Pogrome in Nigerias Ölfeldern

■ Nigerias Militär zerstört Ogoni-Dörfer

Berlin (taz) – Der Konflikt zwischen Nigerias Zentralregierung und dem nach Autonomie strebenden Volk der Ogoni, das mitten in den Ölfeldern des Südostens lebt und seit Monaten gegen die Zerstörung seiner Lebensgrundlagen durch die Ölförderung protestiert (siehe taz vom 7.8.), spitzt sich zu.
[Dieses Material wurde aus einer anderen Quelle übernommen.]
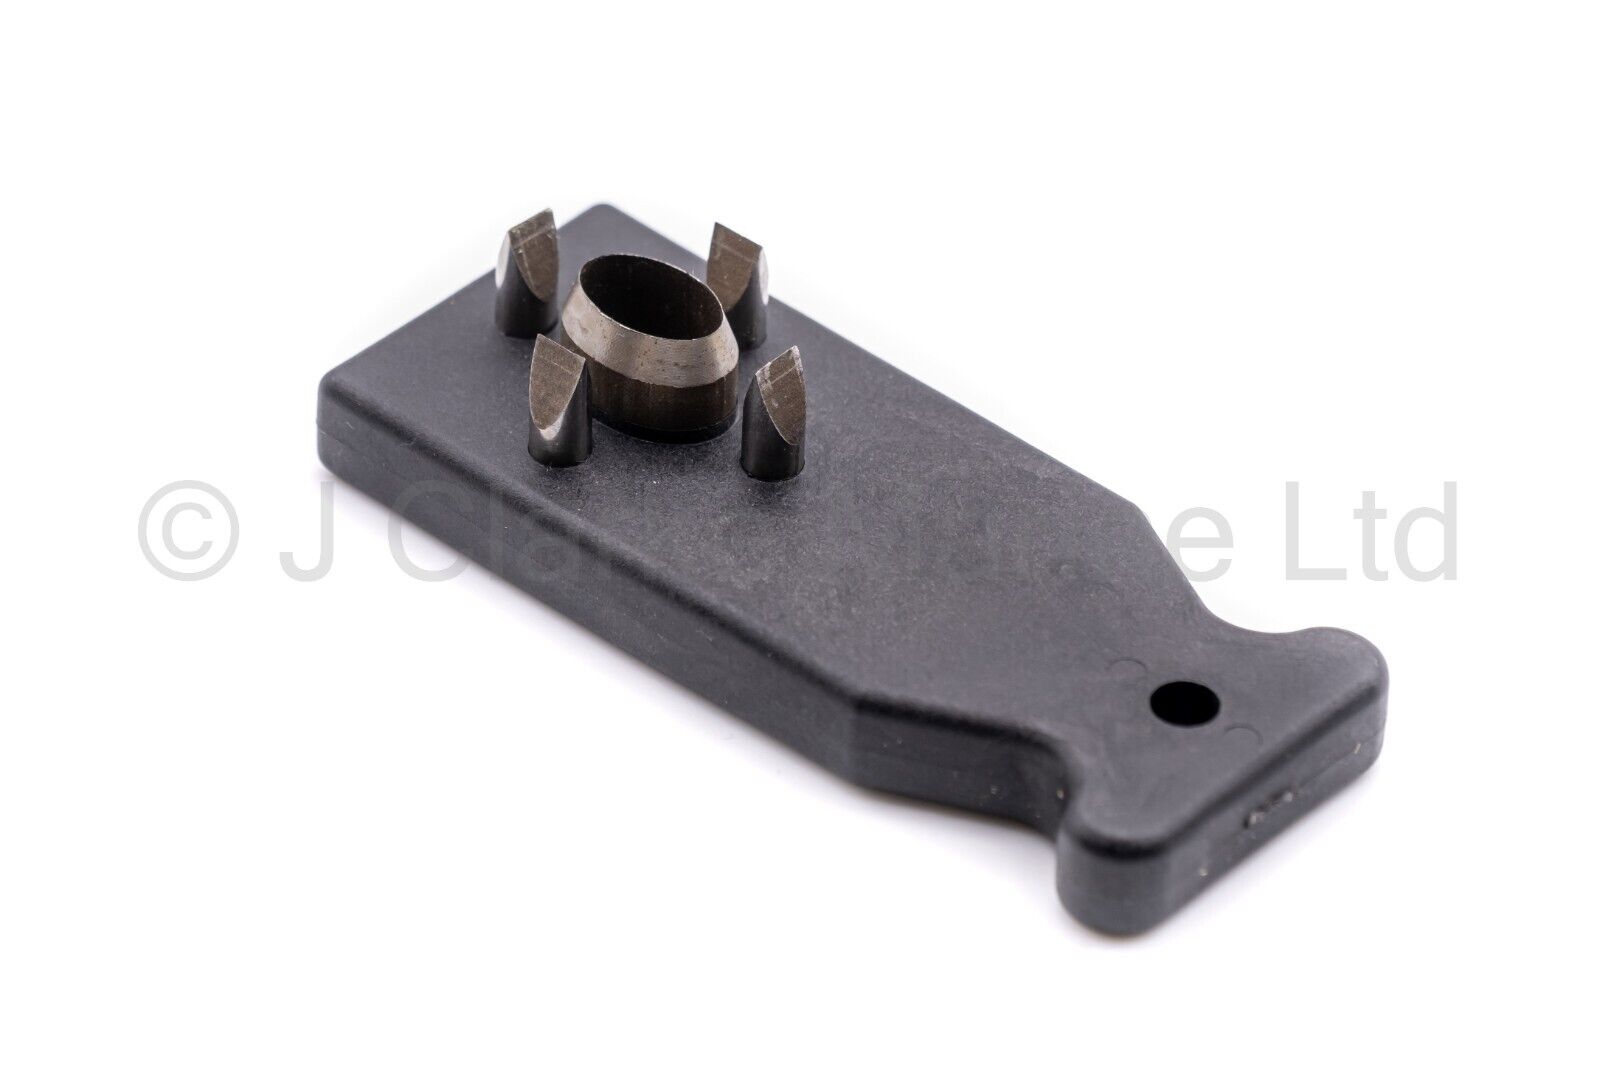 Twist lock / common sense fastener hole punch cutting tool by J Clarke Marine

Journalisten konnten am Wochenende den Ogoni-Ort Kaa besuchen und erfahren, wie am vergangenen Mittwoch Soldaten die Häuser zerstörten, Massaker anrichteten und die 5.000 Bewohner vertrieben.
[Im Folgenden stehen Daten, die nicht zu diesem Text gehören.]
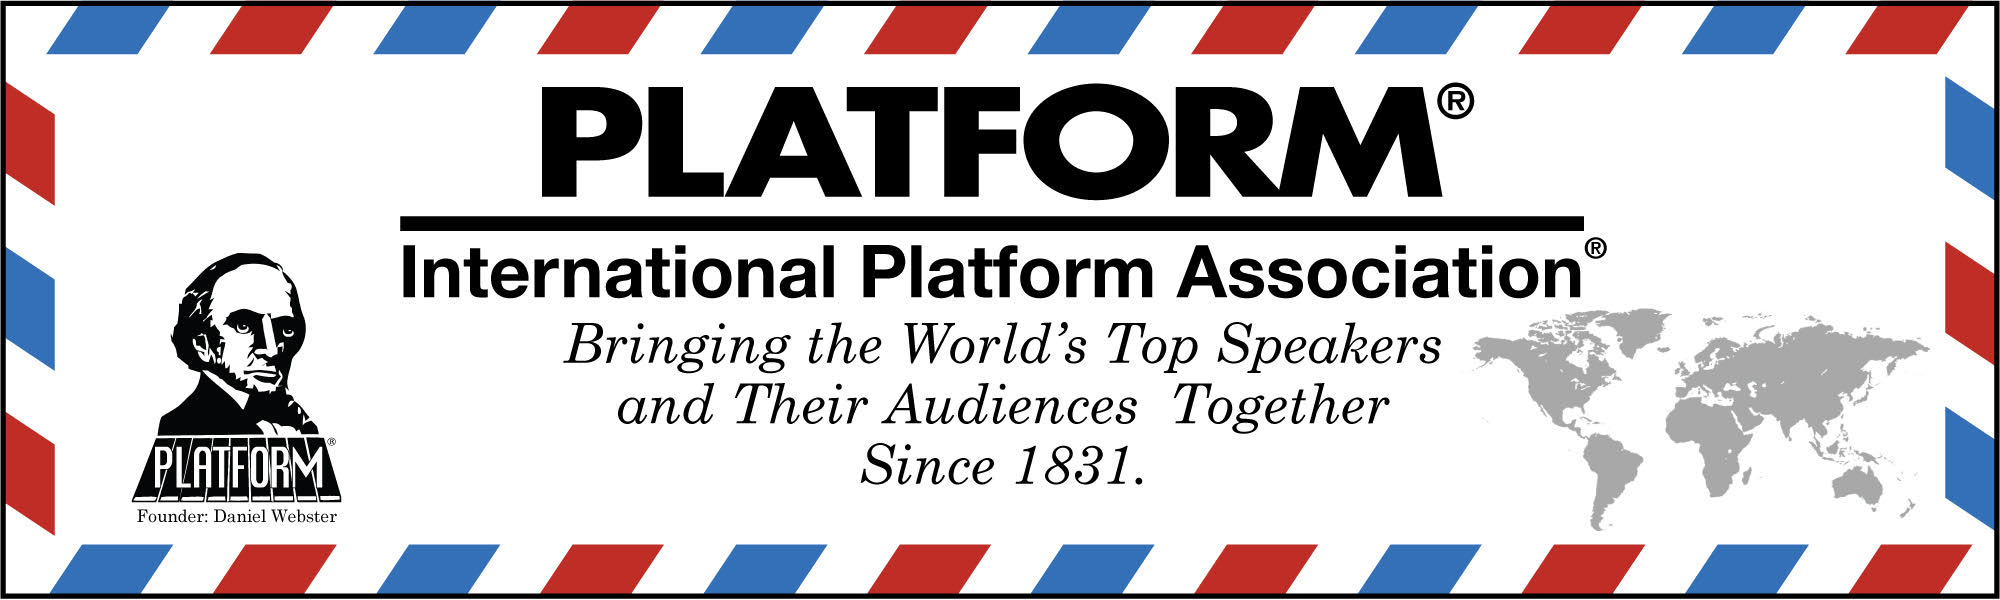 International Platform Association

„Sie kamen vom Ufer und gingen in den Markt“, beschrieb der Ortsführer Adolphius Mesuadebari auf einer öffentlichen Versammlung der Vertriebenen im Nachbardorf Eekwe den Überfall. „Als sie in die Stadt kamen, fingen sie an zu schießen.“

Die bewaffneten Angreifer gehörten zum Volk der Andoni, das auf der anderen Seite eines Flußarmes bei Kaa liegt, und wurden von nichtidenfizierten Männern in Armeeuniformen angeführt. Die Lehrerin Maria Nwiku erzählte, sie sei bei den ersten Schüssen aus ihrem Haus gegangen und dann von einer Kugel getroffen worden; während sie hilflos am Boden lag, mußte sie mitansehen, wie ihre beiden Kinder erschossen wurden und Soldaten in das Haus stürmten, um ihren Mann und das dritte Kind ebenfalls zu töten und das Haus in die Luft zu sprengen. Sie konnte sich noch ins Gebüsch retten. „Mein Mann ist tot. Alle meine Kinder sind tot“, erklärte sie. „Es ist nichts mehr da. Mein Haus ist weg. Mein Eigentum. Alles ist weg.“

Alle Häuser in Kaa wurden nach Angaben der Flüchtlinge zerstört, auch das Schulgebäude. Die Felder wurden abgebrannt. Mindestens 35 Menschen wurden getötet, viele werden noch vermißt – Mesuadebari sprach von 500, die noch gesucht werden. „Viele Kinder fehlen, weil sie nicht rennen konnten“, sagte er auf der Versammlung am Wochenende. „Wir sind durch den Busch gelaufen, und sie werden nicht wissen, daß wir hier sind.“

Die Zerstörung von Kaa fügt sich für die Ogonis in eine eskalierende Kampagne der nigerianischen Regierung gegen ihre Autonomiebewegung „Mosop“. Auf Bitten des Ölmultis Shell, den ungehinderten Fortgang der Ölförderung zu gewährleisten, wurde im Mai das Ogoni-Siedlungsgebiet von Soldaten abgeriegelt. Um den Widerstand der Ogonis zu brechen und zu verhindern, daß er sich auf andere Völker der Region ausweitet, scheint die Regierung seither bestrebt zu sein, den Konflikt durch Bewaffnung anderer Volksgruppen in einen „Stammeskrieg“ umzulenken und so die Militärpräsenz als Befriedungsmaßnahme begründen zu können. Die Ogoni- Autonomiebewegung Mosop schrieb in einem Protestbrief an Nigerias Präsident Ibrahim Babangida, 25 Ogoni-Siedlungen seien in den letzten zwei Wochen zerstört worden, Hunderte von Menschen hätten den Tod gefunden. D.J.